PMI continues to reflect cautious optimism

The good momentum, with manufacturers seeing their output increase, bodes well for the rest of the year: Absa head of manufacturing Justin Schmidt.

SIMON BROWN: I’m chatting now with Justin Schmidt – he is Absa’s head of manufacturing. We had the PMI data out. That would have been on Tuesday, February 1, that it came through.

Justin, I appreciate the early morning, as always. The PMI – we haven’t chatted in a couple of months. There was sort of cautious optimism when we chatted last, and it does seem to be following through – or are there perhaps some nuances that I’m just missing?

JUSTIN SCHMIDT: Hi, Simon. I think that’s exactly it, that the cautious optimism is paying off and we are seeing this rebound continue. So I’d still remain cautiously optimistic, but what we’ve seen is an activity rebound in January and the biggest driver of this was output. So the sub-index, business activity, rose after kind of a slump in December, which was probably driven by Omicron and work absenteeism, but we’re really seeing that rebound again. I think there is good momentum, where manufacturers are seeing their output increase. That just bodes well for the rest of the year.

I think the one important thing here is that we do know December is the Christmas festive season, the factories lock down. The season sees the adjusted numbers. This takes that effect out of this, so it is a positive start to the year.

SIMON BROWN: It tells us that demand – and that would be local, I imagine some export as well – is starting to pick up. I take your point on Omicron, which arrived early in December, and absenteeism and the like, but it does say to us that in January there’s normality returning and we are seeing that demand: local and export.

JUSTIN SCHMIDT: Yeah. In that other kind of index we spoke about previously, we were already seeing that expectation of higher export prices, higher demand.

Read/Listen: Absa’s Q2 2021 Manufacturing Survey shows rising manufacturer confidence

What we are seeing here now in January is that in December it was about 50, the new sales orders, but it ticked up to 55. That is another positive sign that there is that demand. I think when we look into the inventories number, we’ve been seeing in the survey the confidence numbers saying the net majority of manufacturers are looking to invest in their inventories.

And here’s another kind of reading, the PMI saying inventories have ticked up again and that’s always a good sign for the future; you have to have the inventories to make those sales. So those two numbers really bode well for the coming months.

SIMON BROWN: I was chatting about some supply chains during January. They certainly seem to be stuck to a degree. Are manufacturers just maybe learning to live with it, because every time I speak to someone they say ‘it’ll improve in six months’. It hasn’t. They’ve been saying that for a year-and-a-half. Is this for now the new normal and you kind of learn to manage it?

JUSTIN SCHMIDT: Simon, they’ll improve in six months’ time [Simon chuckles] as the starting point [both laughing]. We saw an improvement in the number this month in terms of the supply-chain seizure that we’ve been seeing over the 18 months, like you say. If you look at the graph, with 2020 at the bottom, you’ve got this steady increase. It slowly improves.

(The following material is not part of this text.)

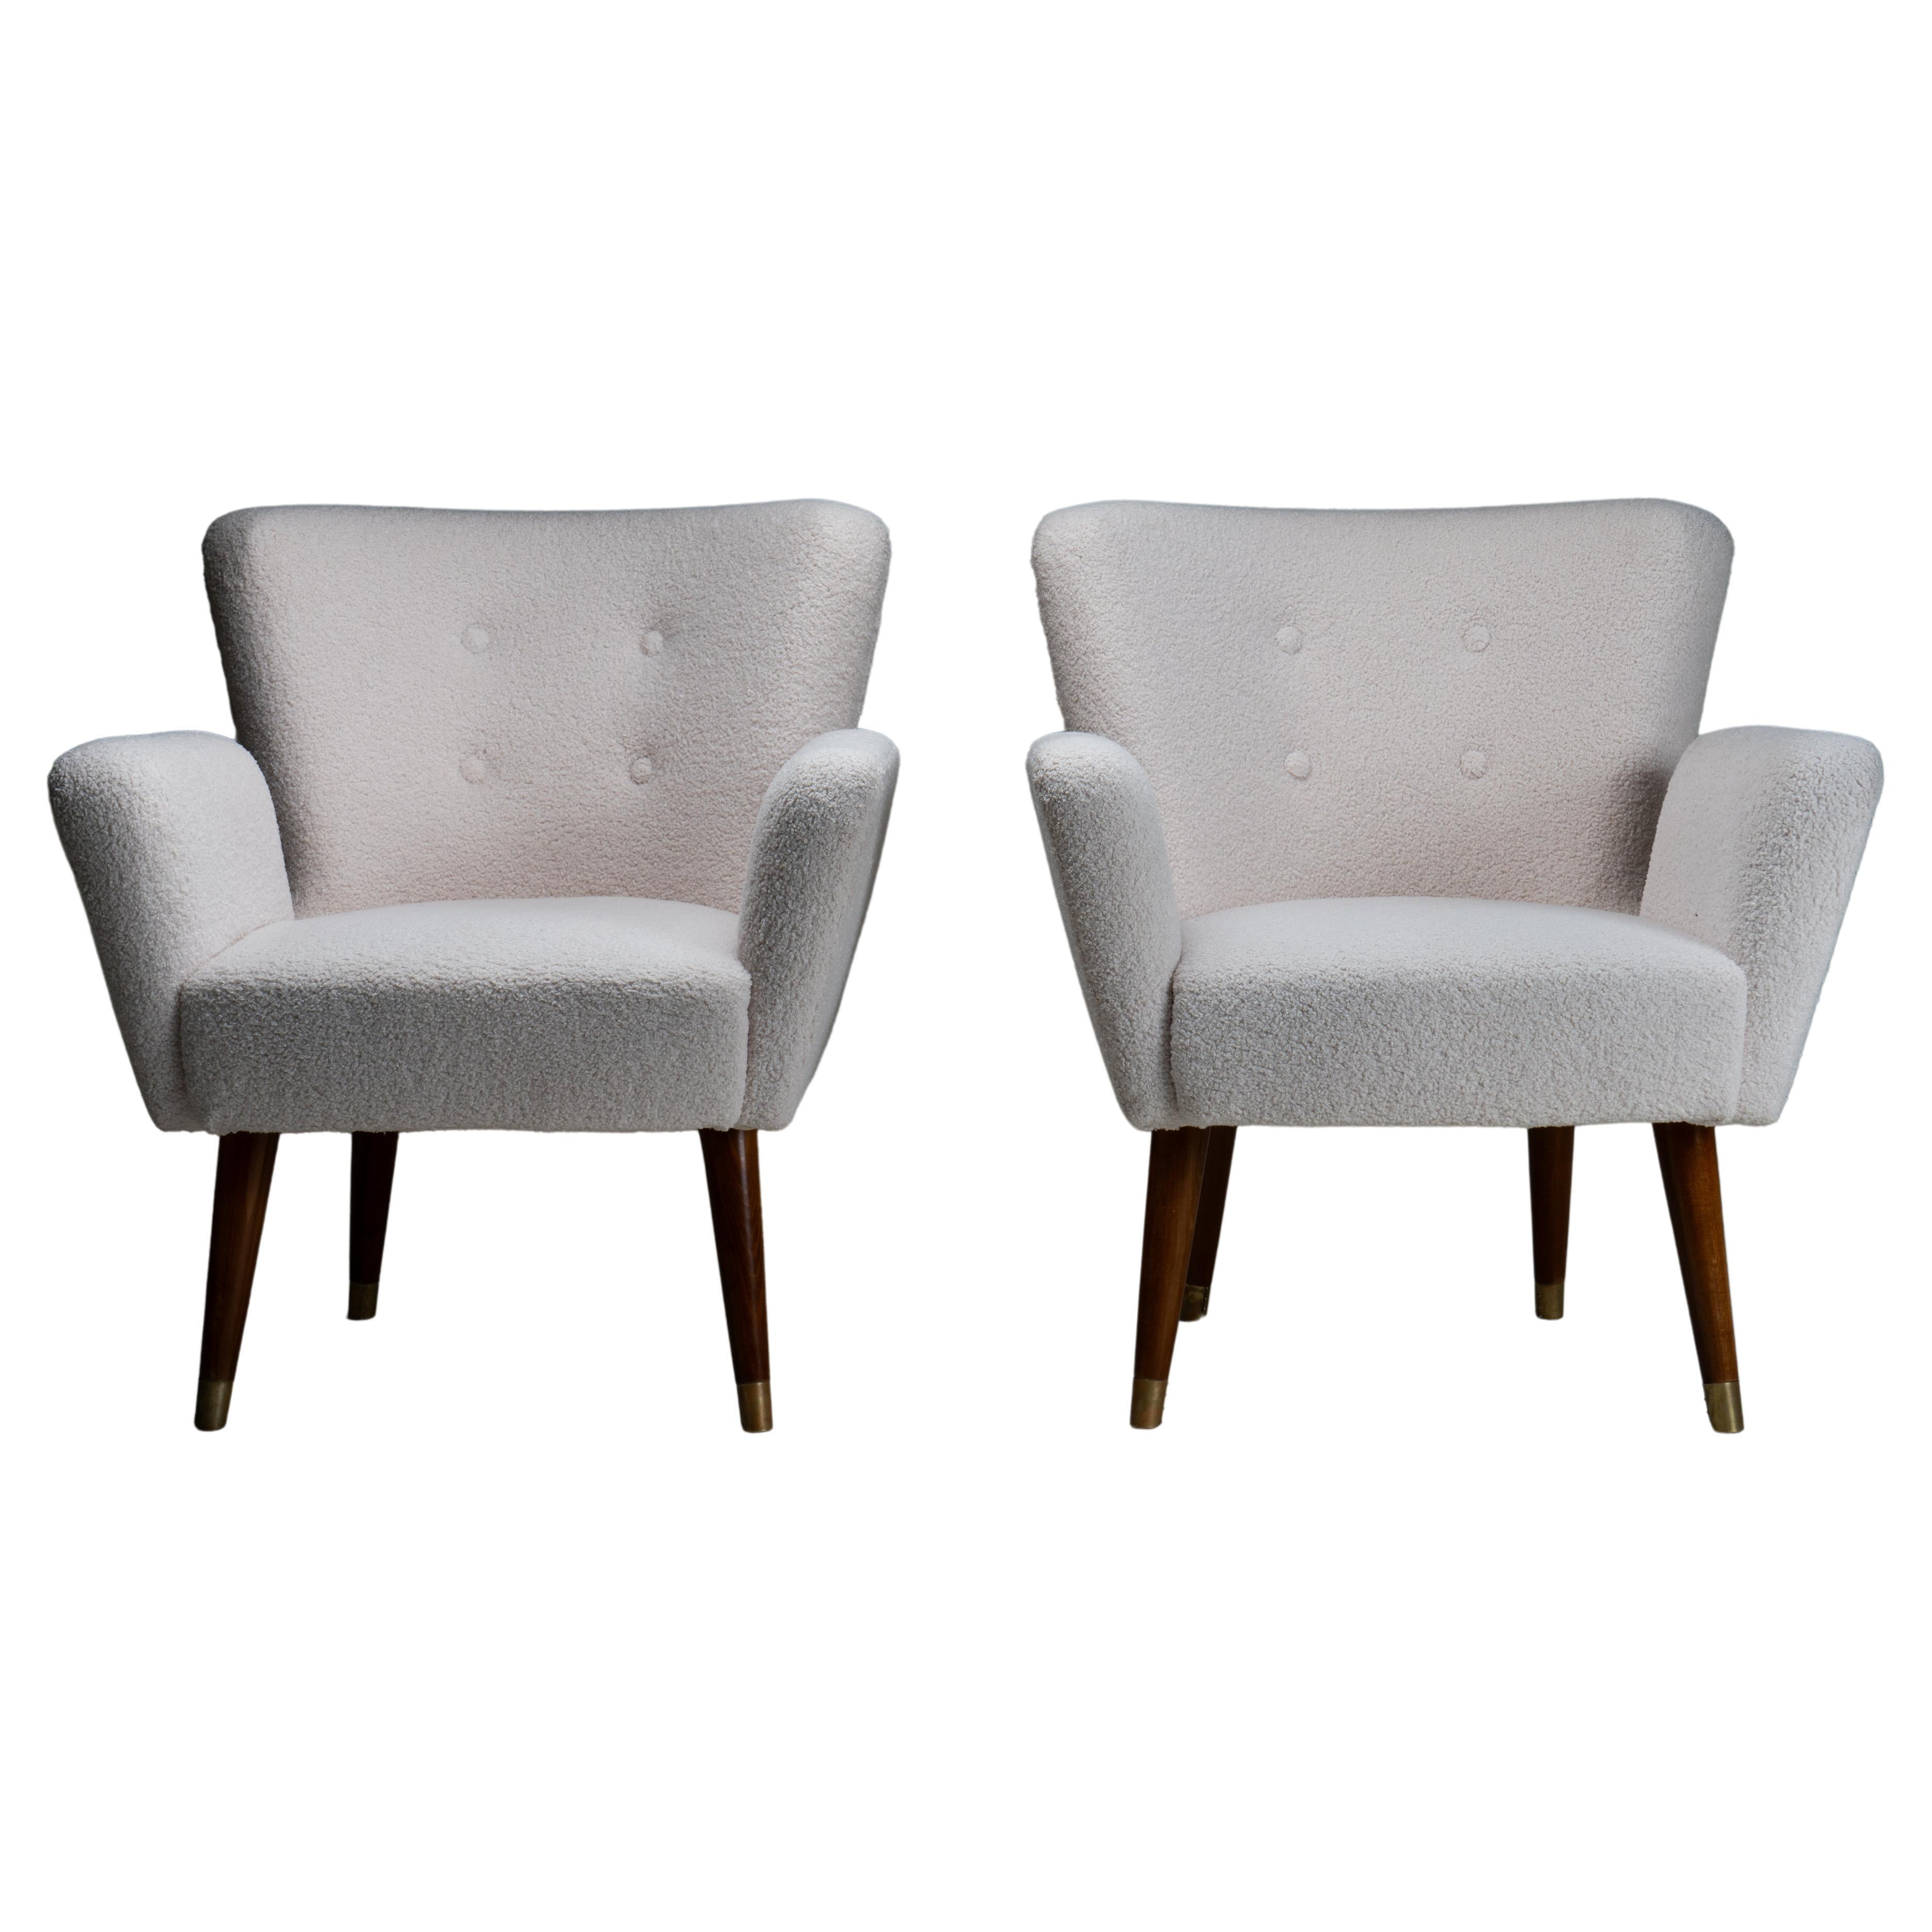 A Pair of Socialist Mid-Century Lounge Chairs For Sale

But the number – the important thing is the print we have now – is the best in eight months. The past eight months is way higher than historical levels. If you look at the graph it’s massively above, so even a small down-tick, to your point, manufacturers are learning how to live with it. It’s far from optimal, but I think that with the price of shipping decreasing in December and January, those are positive signs. But we need to watch it over six months; I don’t think this is going away quickly.

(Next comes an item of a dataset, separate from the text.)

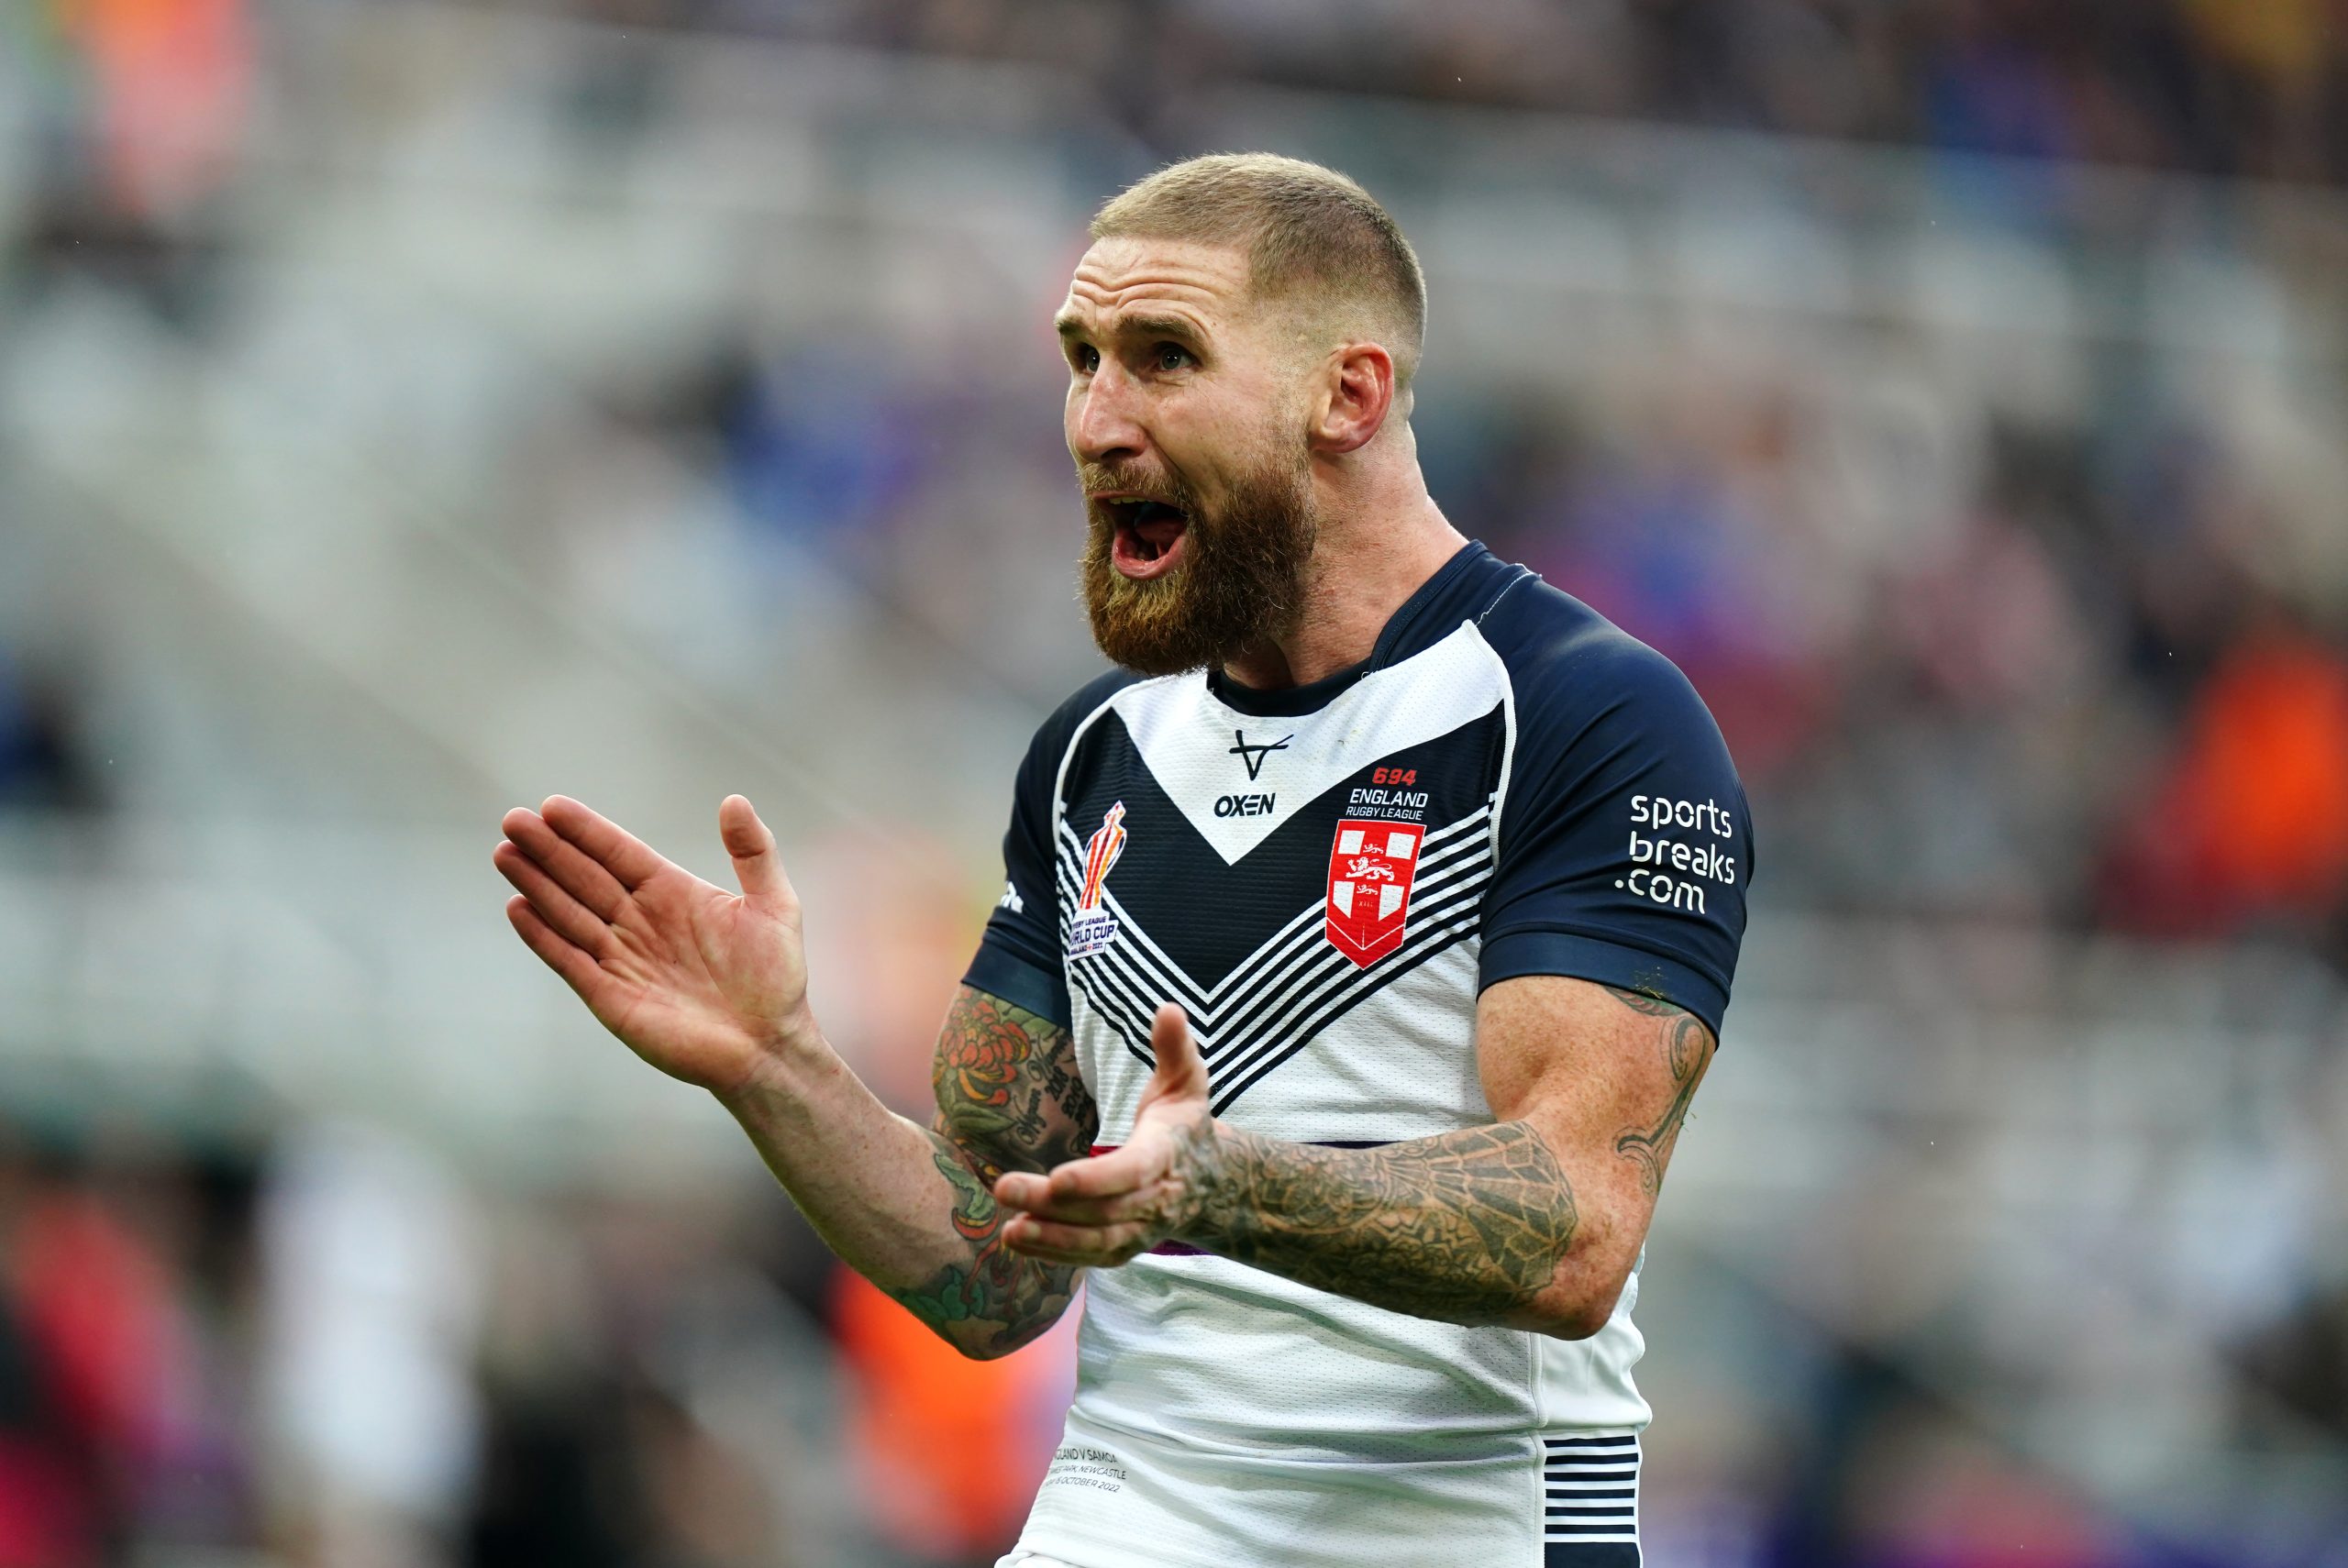 Sam Tomkins retiring from rugby league at the end of the season

SIMON BROWN: Obviously agriculture’s had a huge space, food services to a degree, and mining has obviously been doing incredibly well. Would it be fair to say that there are some sectors that are probably doing markedly better and agri and mining are going to be two of them?

JUSTIN SCHMIDT: Simon, in the PMI we don’t break it down to the lower levels. But what we did see in the sales number in November, there was this headline of a decrease. But when you dove into it, you saw chemicals were not doing well. It was strange that furniture really had a big dip, and we couldn’t figure what that was [about]. The rest of the sectors really had year-on-year increases. So you’ve almost got to strip some of the sub-sectors’ outlook – look at if a refinery was closed or Sasol was having issues, or whatever it was – and then look through the rest of the industry.

Food and beverage – we are really looking to the sales number for December to see what happened in that sub-sector in December. We know local tourism really rebounded. We are hoping that people were spending, and we do see some improvement in the hospitality space.

So yeah, I think all of that will tick the demand up for these goods. It is kind of a mixed bag at times. There’s a lot of noise, the other thing. I don’t think that noise is going away for … the next six months still, the first half of this year. But there are a lot of improving sub-sectors.

SIMON BROWN: I take the point. I did my bit in December to help hospitality. I think we’ll leave that there….I think it remains cautiously optimistic, which is frankly a good thing, rather than going the other way.

Justin Schmidt, Absa’s head of manufacturing, I appreciate the early morning time.